17.453 · Initiative parlementaire · 2017-06-15
Parlement
Liquidé
Wortlaut
Conformément aux articles 160 alinéa 1 de la Constitution et 107 de la loi sur le Parlement, je dépose l'initiative parlementaire suivante :
L'article 52 de la loi fédérale sur l'assurance-maladie (LAMal), portant sur les analyses et les médicaments, est complété par un alinéa 4 qui crée une base légale spéciale donnant aux assureurs-maladie le droit de recourir contre les décisions de l'Office fédéral de la santé publique (OFSP) concernant la liste des spécialités au sens des articles 64 à 75 de l'ordonnance sur l'assurance-maladie (OAMal).
Begründung
Le Tribunal fédéral ne reconnaît pas aux assureurs-maladie et à leurs fédérations la qualité pour recourir contre des décisions prises par l'OFSP dans le domaine de la liste des spécialités, par manque d'un intérêt digne de protection. Il incombe au législateur, s'il en a la volonté, de créer une base légale spéciale conférant aux assureurs-maladie et à leurs fédérations la qualité pour recourir. La présente initiative poursuit précisément cet objectif.
L'art. 48, al. 2, de la loi fédérale sur la procédure administrative (PA) prévoit expressément la possibilité évoquée par le Tribunal administratif fédéral. Aux termes de cette disposition, a qualité pour recourir toute personne, organisation ou autorité qu'une autre loi fédérale autorise à recourir. La présente initiative vise à créer une telle base légale spéciale.

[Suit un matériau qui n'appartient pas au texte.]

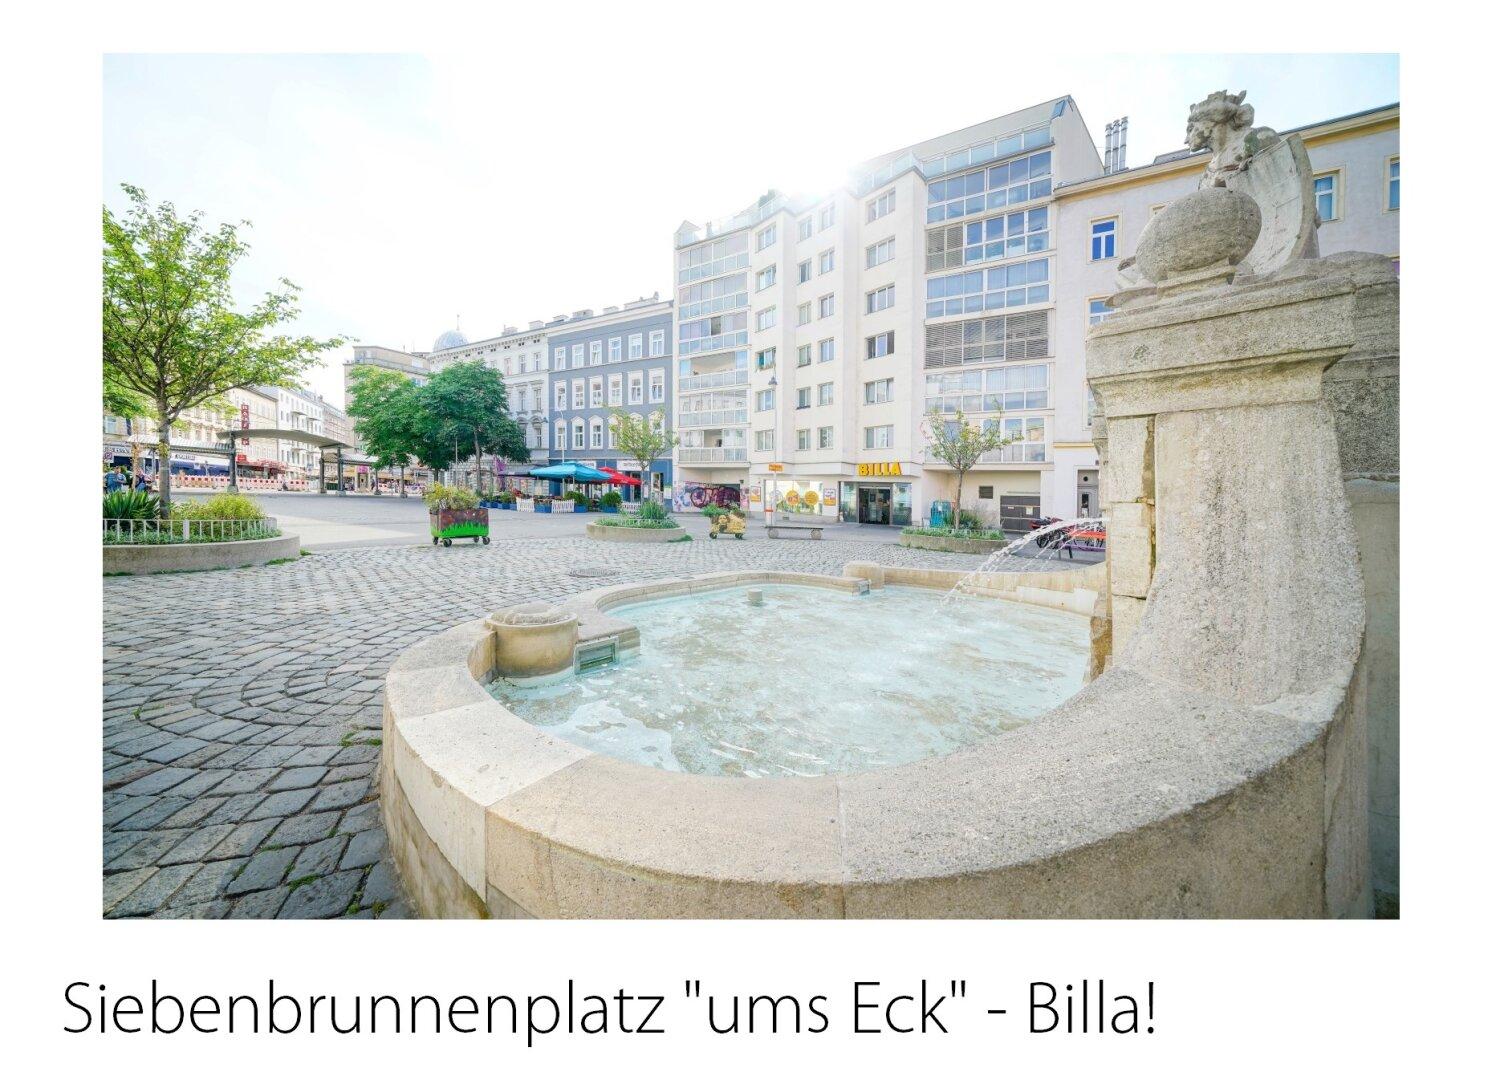 Nahe Siebenbrunnenplatz
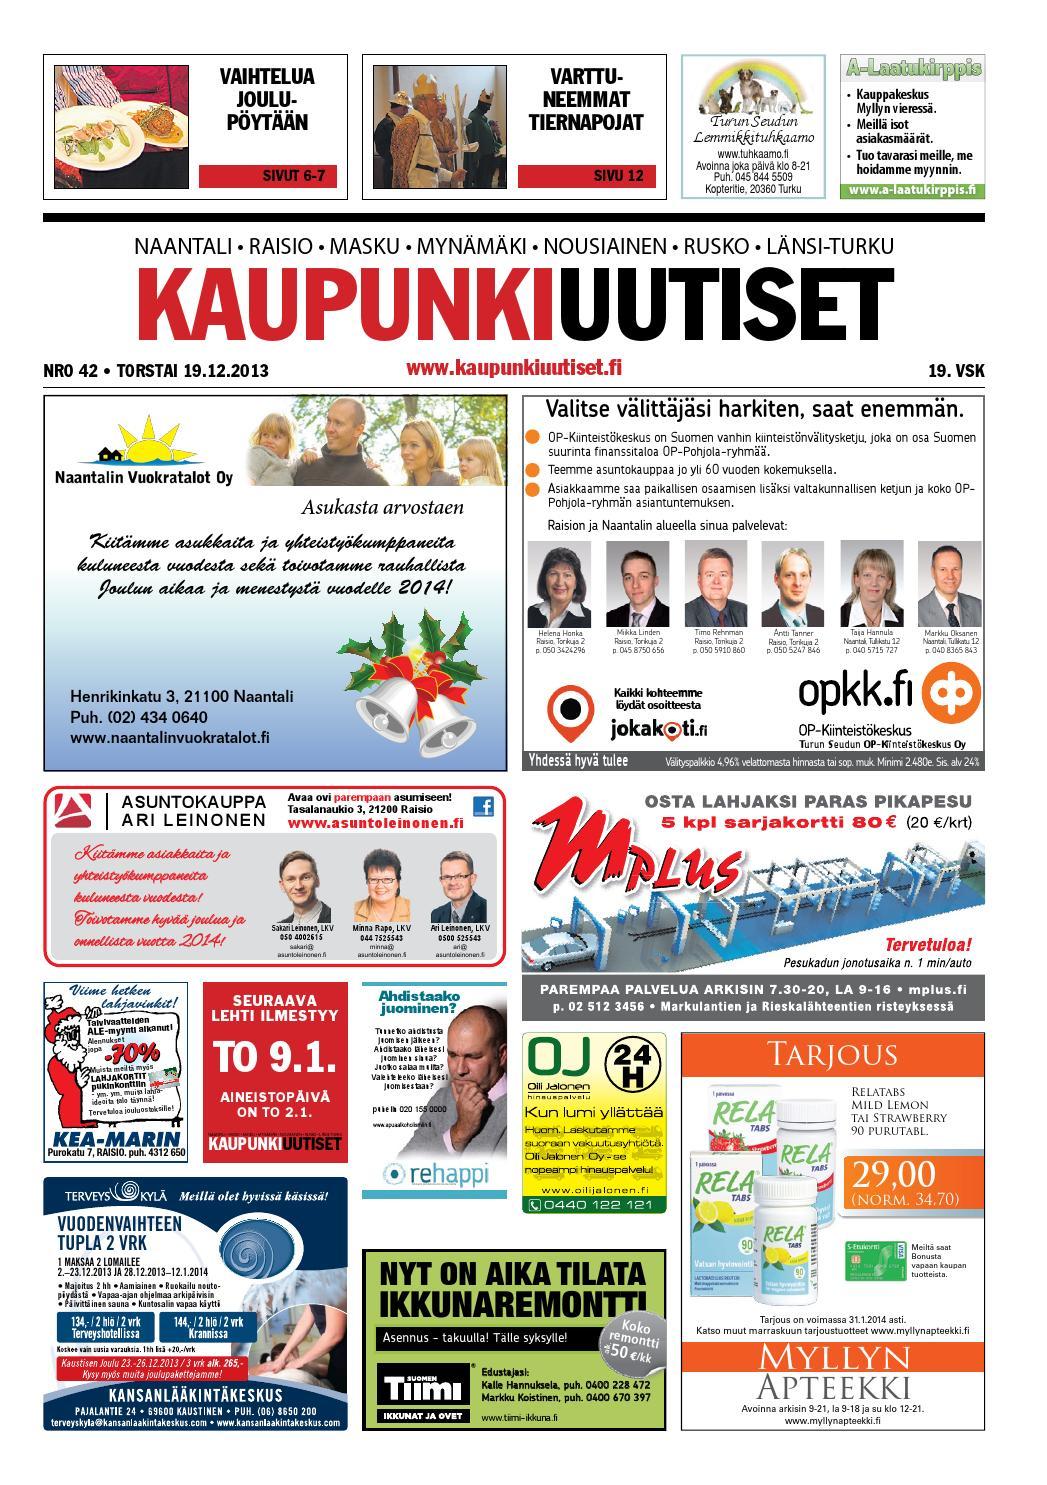 Lisää treenimahdollisuuksia yläkouluikäisille urheilijoille – Mikkeliin, Raisioon ja Kouvolaan uusi urheiluyläkoulu

L'admission de nouveaux médicaments dans la liste des spécialités et la détermination de leur prix, de leurs indications et de leurs limitations, notamment, sont toujours d'une grande importance pour les assureurs-maladie. En effet, l'admission d'un médicament et la détermination de son prix influent directement sur l'ampleur des obligations de prise en charge des prestations par les assureurs. Ces derniers, qui ne peuvent en principe rémunérer que les prestations qui sont efficaces, appropriées et économiques, sont donc concernés par le contenu concret de la liste des spécialités. Cette liste vise à réaliser l'objectif que les soins soient appropriés et leur qualité de haut niveau, tout en étant le plus avantageux possible ; les assureurs-maladie sont directement coresponsables de la réalisation de cet objectif en leur qualité d'organes d'exécution de l'assurance-maladie sociale. Ils peuvent certes déjà accomplir cette tâche dans des cas spécifiques, en renonçant dans certaines circonstances à une prestation, mais ils ne sont pas habilités à procéder à un contrôle préalable, notamment sous l'angle du caractère économique, de la décision d'admission d'un médicament dans la liste des spécialités puisqu'ils n'ont pas la qualité pour recourir. Notons encore que les titulaires de l'autorisation d'admission d'un médicament ont qualité pour recourir contre les décisions de l'OFSP, de sorte qu'une baisse du prix d'un médicament ou une modification de son indication ou des limitations à son usage qui se fait au détriment de l'entreprise concernée peut toujours être soumise au contrôle d'un juge, tandis que les décisions de l'OFSP qui ne sont pas défavorables au titulaire de l'autorisation ne peuvent en pratique pas être contrôlées. On ne saurait cependant exclure que la décision d'admettre un nouveau médicament ou celle prise dans le cadre du réexamen des conditions d'admission tous les trois ans enfreigne le droit en vigueur et que les assureurs-maladie et leurs assurés en fassent les frais. De même, lorsque l'OFSP prend une décision d'admission d'un médicament en vertu de l'article 70 OAMal alors que le titulaire de l'autorisation n'a pas fait de demande, cette décision ne peut pas être soumise au contrôle d'un juge. Pour que le Tribunal fédéral et le Tribunal administratif fédéral aient également la possibilité dans les cas précités de corriger les décisions prises, il faut donner aux assureurs-maladie et à leurs fédérations la qualité pour recourir.
L'art. 52, al. 4, LAMal pourrait être formulé comme suit à cet effet :
"Les assureurs et leurs fédérations ont qualité pour recourir au sens de l'art. 48, al. 2, PA contre les décisions de l'OFSP au sens des articles 64 à 75 OAMal."